====== Provided entries ======

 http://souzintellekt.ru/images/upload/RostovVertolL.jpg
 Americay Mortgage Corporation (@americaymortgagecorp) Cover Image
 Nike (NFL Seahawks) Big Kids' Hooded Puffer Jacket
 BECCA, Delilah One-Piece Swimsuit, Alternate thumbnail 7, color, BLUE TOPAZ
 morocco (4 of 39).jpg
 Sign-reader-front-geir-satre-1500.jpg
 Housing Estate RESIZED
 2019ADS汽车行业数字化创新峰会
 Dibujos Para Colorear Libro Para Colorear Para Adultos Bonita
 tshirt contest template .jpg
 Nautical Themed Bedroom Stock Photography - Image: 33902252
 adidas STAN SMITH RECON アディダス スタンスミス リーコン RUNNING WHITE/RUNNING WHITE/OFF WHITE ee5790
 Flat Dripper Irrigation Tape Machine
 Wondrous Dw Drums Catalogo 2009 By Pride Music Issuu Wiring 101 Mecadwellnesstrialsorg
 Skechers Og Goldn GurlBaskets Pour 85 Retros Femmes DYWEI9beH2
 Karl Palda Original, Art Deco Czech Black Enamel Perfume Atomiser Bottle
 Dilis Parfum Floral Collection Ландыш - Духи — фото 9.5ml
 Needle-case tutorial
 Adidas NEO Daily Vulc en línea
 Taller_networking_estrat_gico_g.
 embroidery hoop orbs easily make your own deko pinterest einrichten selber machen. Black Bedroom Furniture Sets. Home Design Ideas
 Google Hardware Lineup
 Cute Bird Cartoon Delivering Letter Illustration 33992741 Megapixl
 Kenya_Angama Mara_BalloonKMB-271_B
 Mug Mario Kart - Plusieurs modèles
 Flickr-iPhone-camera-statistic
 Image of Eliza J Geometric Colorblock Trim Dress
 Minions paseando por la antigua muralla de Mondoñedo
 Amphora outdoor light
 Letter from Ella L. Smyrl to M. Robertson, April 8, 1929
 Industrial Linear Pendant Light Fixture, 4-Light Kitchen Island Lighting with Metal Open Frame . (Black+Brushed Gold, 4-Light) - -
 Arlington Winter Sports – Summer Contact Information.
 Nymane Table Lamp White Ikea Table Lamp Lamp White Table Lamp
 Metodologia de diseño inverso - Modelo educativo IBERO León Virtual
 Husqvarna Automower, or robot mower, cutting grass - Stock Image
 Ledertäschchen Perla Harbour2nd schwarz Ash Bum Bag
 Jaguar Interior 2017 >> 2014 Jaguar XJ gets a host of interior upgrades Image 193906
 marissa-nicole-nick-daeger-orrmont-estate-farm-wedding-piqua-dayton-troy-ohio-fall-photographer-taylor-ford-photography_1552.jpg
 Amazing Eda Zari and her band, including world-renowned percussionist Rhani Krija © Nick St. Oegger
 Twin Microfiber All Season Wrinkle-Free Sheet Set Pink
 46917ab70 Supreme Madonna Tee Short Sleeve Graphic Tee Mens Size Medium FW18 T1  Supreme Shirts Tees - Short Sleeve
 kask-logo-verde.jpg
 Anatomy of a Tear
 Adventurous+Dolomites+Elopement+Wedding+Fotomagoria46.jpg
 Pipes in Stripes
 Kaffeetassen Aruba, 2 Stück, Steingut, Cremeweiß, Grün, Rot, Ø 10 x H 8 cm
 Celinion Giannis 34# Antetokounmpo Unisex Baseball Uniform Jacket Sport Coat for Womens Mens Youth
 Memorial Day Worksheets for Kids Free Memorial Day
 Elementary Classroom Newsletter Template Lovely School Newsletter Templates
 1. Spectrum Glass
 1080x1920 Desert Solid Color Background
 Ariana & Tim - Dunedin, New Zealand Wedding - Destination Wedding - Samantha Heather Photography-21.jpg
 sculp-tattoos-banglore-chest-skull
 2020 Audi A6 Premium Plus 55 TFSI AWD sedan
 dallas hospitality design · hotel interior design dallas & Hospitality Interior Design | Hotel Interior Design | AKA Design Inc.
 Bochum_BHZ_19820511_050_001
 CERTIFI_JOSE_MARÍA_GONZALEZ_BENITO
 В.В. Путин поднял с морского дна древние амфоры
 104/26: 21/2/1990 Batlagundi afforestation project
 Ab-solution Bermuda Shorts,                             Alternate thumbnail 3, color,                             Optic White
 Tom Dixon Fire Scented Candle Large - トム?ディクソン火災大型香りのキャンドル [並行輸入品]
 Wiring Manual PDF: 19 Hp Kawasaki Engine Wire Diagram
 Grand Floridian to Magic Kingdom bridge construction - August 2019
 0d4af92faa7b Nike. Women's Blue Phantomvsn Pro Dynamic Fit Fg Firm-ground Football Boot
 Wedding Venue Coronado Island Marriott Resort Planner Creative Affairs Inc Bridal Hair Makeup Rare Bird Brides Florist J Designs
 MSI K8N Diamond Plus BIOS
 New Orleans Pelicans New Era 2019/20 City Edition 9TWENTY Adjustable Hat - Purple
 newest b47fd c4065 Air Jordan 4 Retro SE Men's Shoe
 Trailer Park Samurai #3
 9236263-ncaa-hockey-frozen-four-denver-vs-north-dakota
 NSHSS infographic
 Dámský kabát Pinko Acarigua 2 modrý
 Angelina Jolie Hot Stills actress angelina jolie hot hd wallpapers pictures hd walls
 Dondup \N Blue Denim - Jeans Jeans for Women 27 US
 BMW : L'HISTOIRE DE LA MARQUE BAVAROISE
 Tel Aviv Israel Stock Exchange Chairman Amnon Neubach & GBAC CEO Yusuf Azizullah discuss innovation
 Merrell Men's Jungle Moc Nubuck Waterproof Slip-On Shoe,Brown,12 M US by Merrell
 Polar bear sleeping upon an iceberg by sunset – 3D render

======

Exercise objective:
Using the listing above, copy exactly the line that contains "0d4af92faa7b Nike. Women's", the line that contains "newest b47fd c4065", and each line that falls between them.

Exercise answer:
 0d4af92faa7b Nike. Women's Blue Phantomvsn Pro Dynamic Fit Fg Firm-ground Football Boot
 Wedding Venue Coronado Island Marriott Resort Planner Creative Affairs Inc Bridal Hair Makeup Rare Bird Brides Florist J Designs
 MSI K8N Diamond Plus BIOS
 New Orleans Pelicans New Era 2019/20 City Edition 9TWENTY Adjustable Hat - Purple
 newest b47fd c4065 Air Jordan 4 Retro SE Men's Shoe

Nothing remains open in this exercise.